Exercise brief »
With pictures left out, set down exactly the lines from the line containing "Как завязать шнурки?" through the last line of the data.

Collection entries:
····················
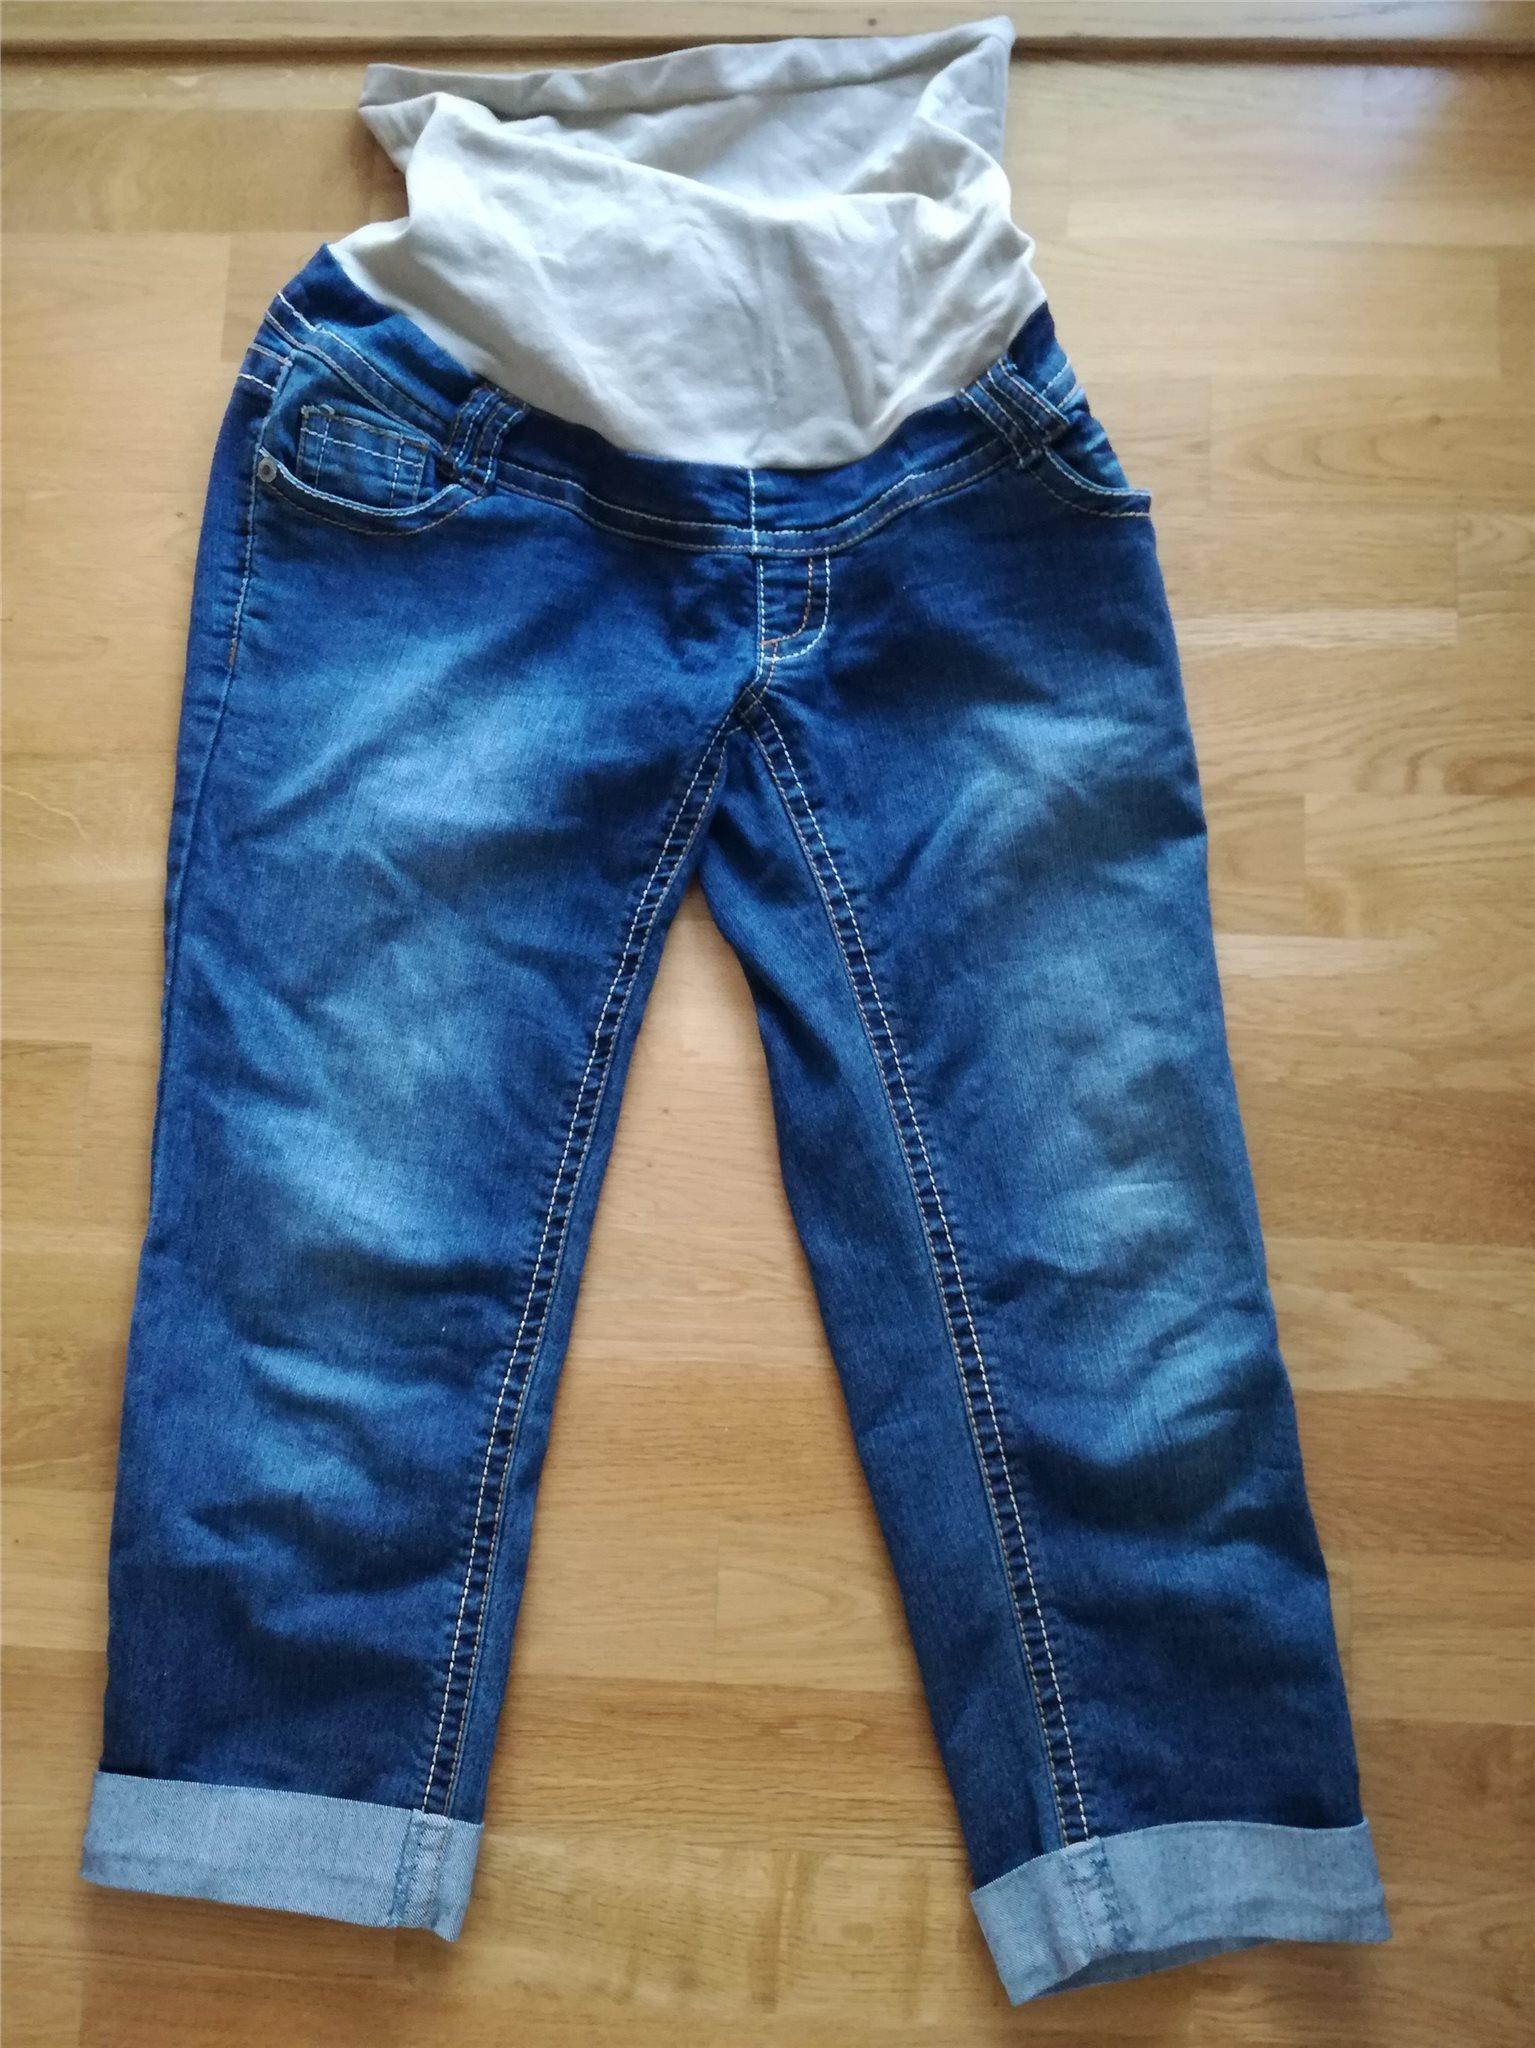 jeans storlek 38 motsvarar
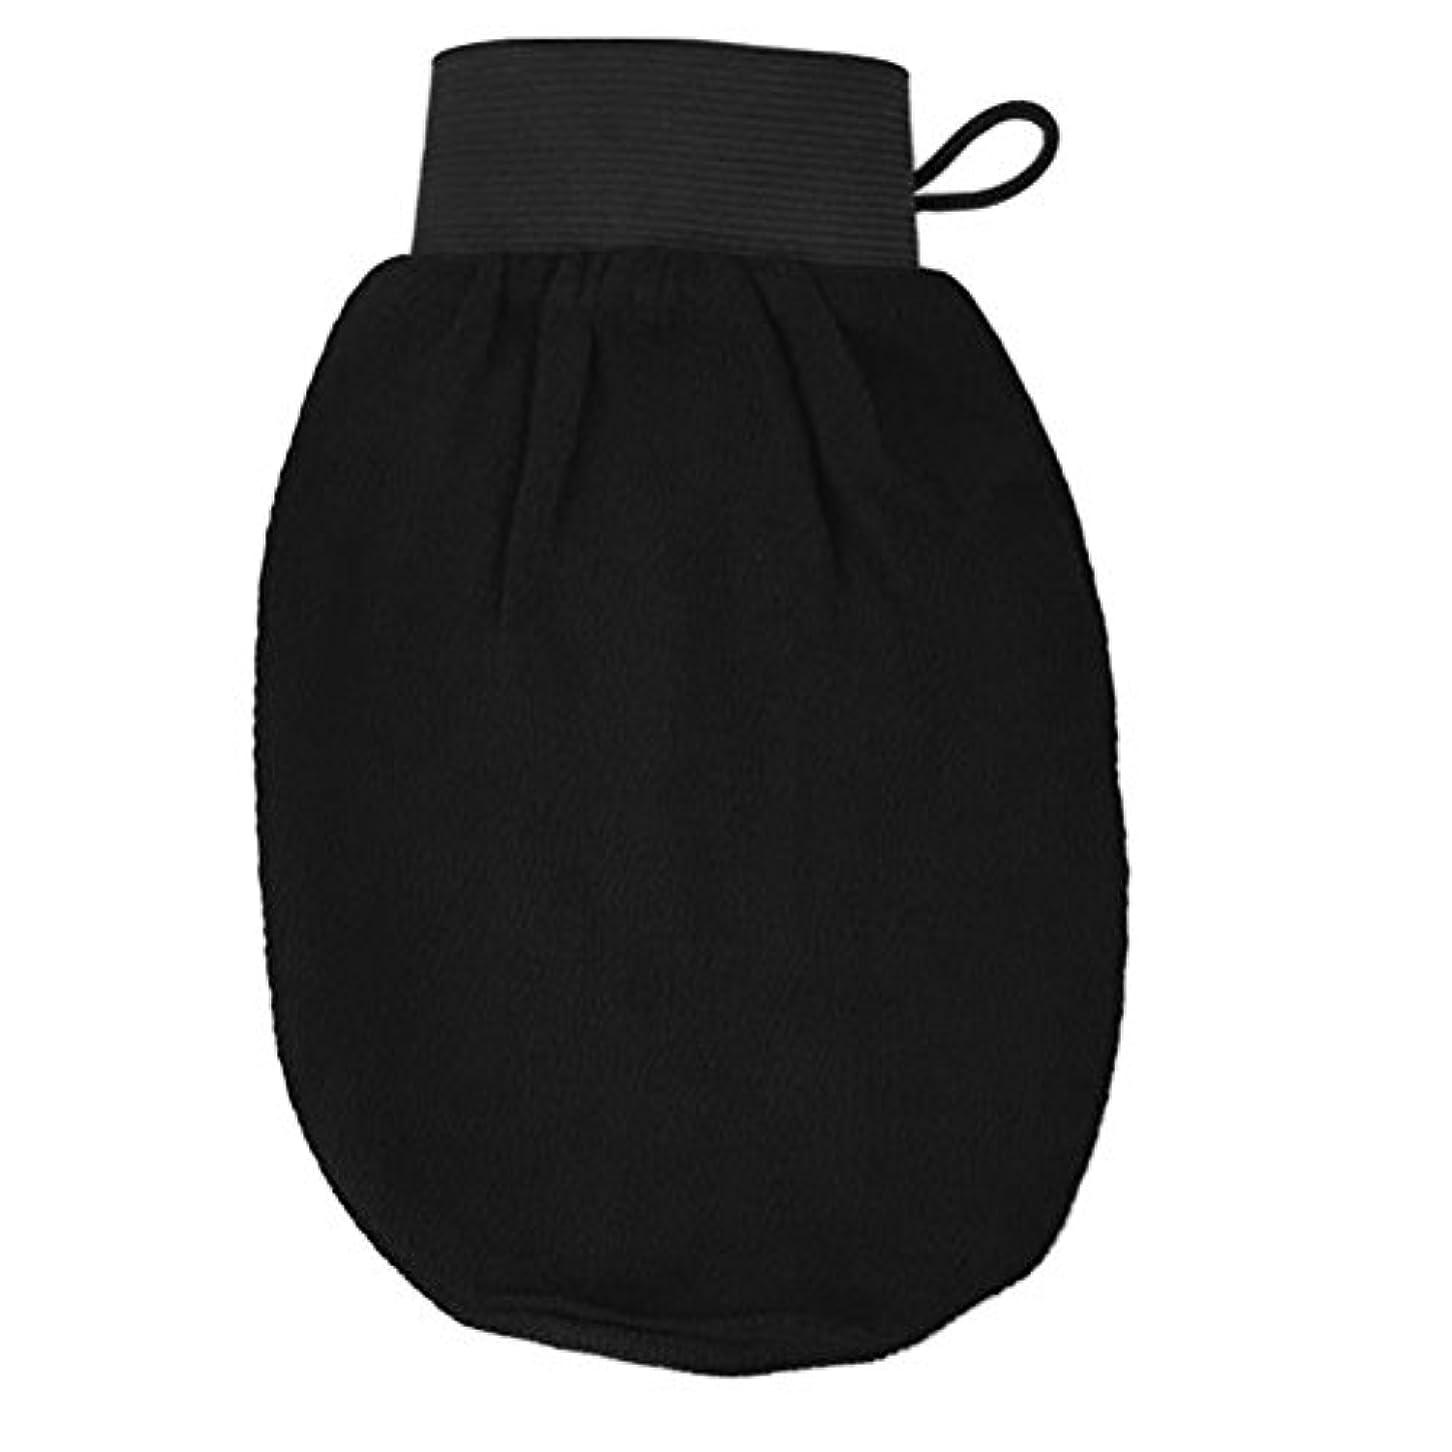 好色な移植抑圧者ROSENICE バスグローブ 浴用グローブ 角質取り 泡立ち 垢擦り 手袋 マッサージ ボディウォッシュ シャワー バスルーム 男女兼用 バス用品(ブラック)
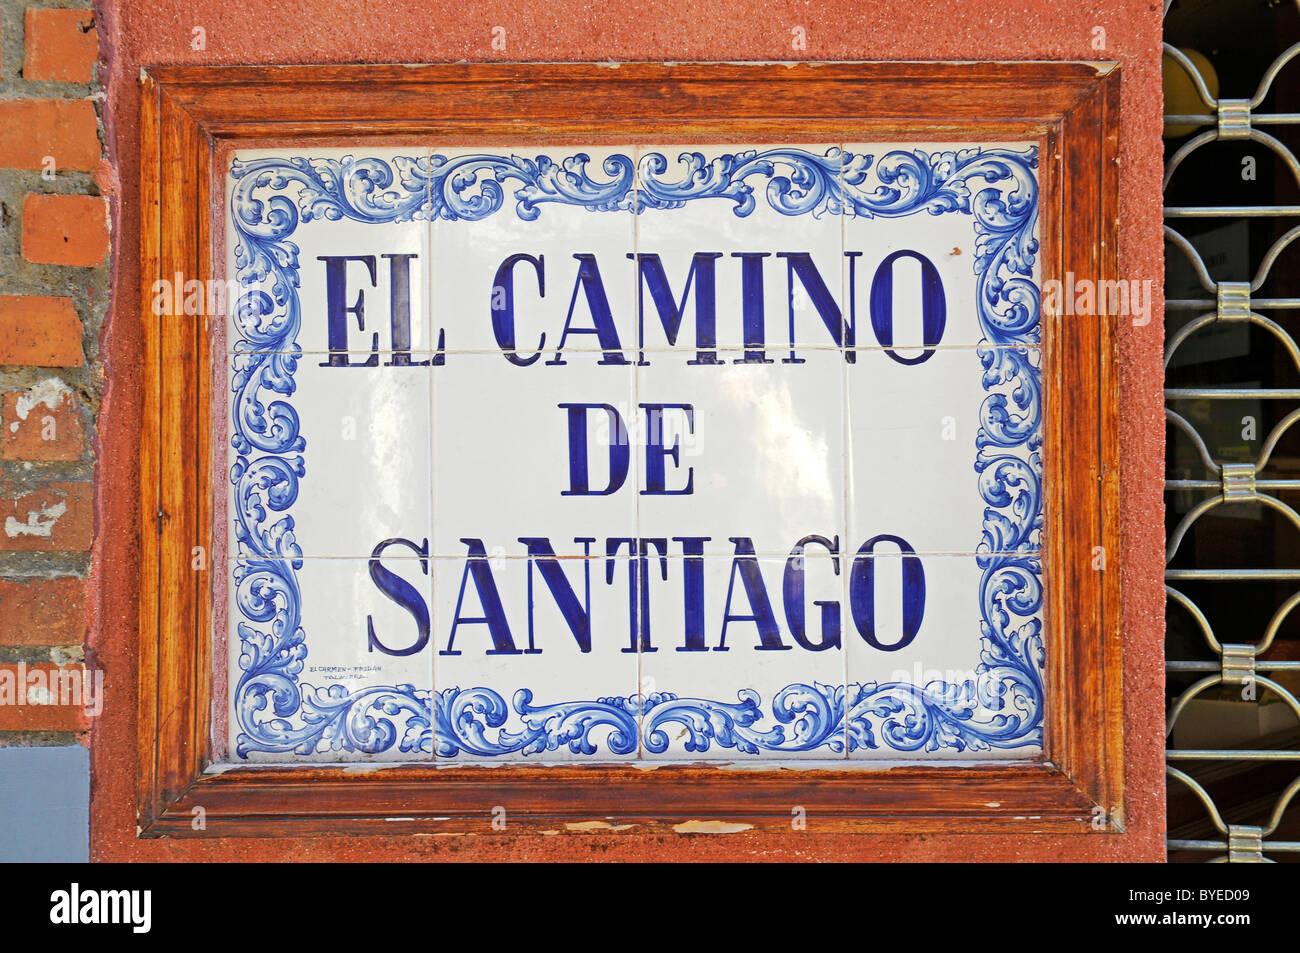 El Camino de Santiago, sign, Spanish tiles, azulejos, Leon, province of Castilla y Leon, Castile and León, - Stock Image
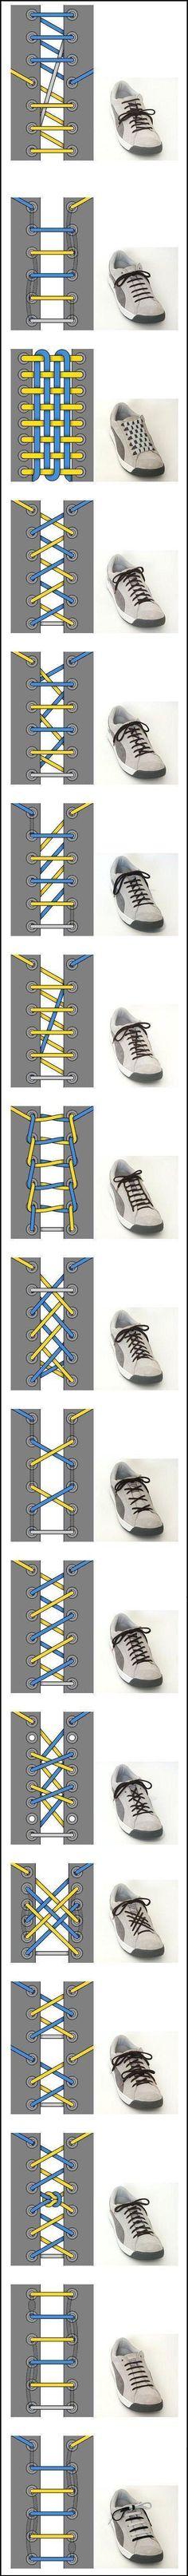 Как завязать шнурки?  Crazy shoelace ideas
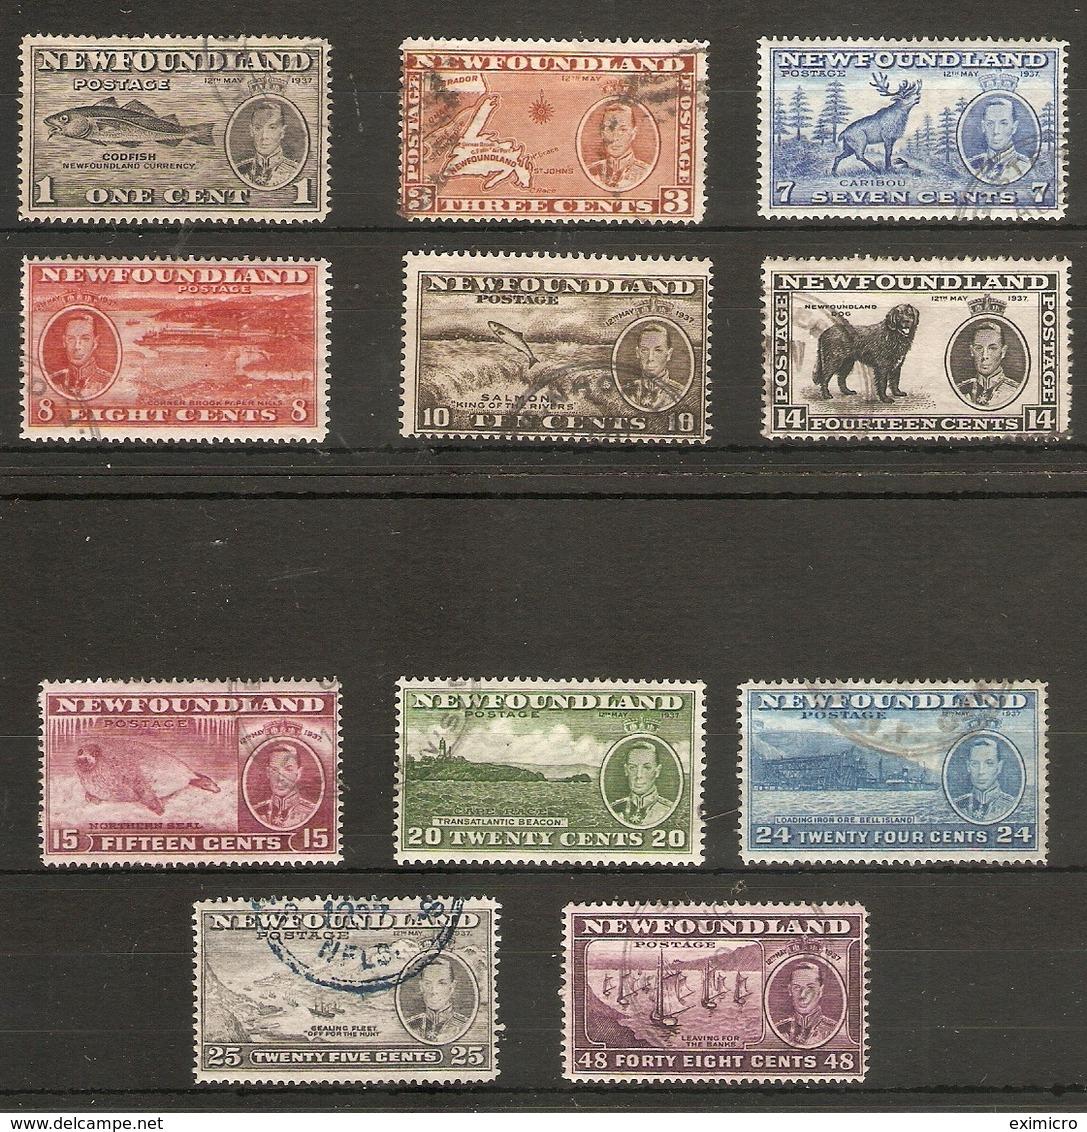 NEWFOUNDLAND 1937 CORONATION LONG SET SG 257/267 FINE USED Cat £50 - 1908-1947
····················
Reply »
 Как завязать шнурки?  Crazy shoelace ideas
 NEWFOUNDLAND 1937 CORONATION LONG SET SG 257/267 FINE USED Cat £50 - 1908-1947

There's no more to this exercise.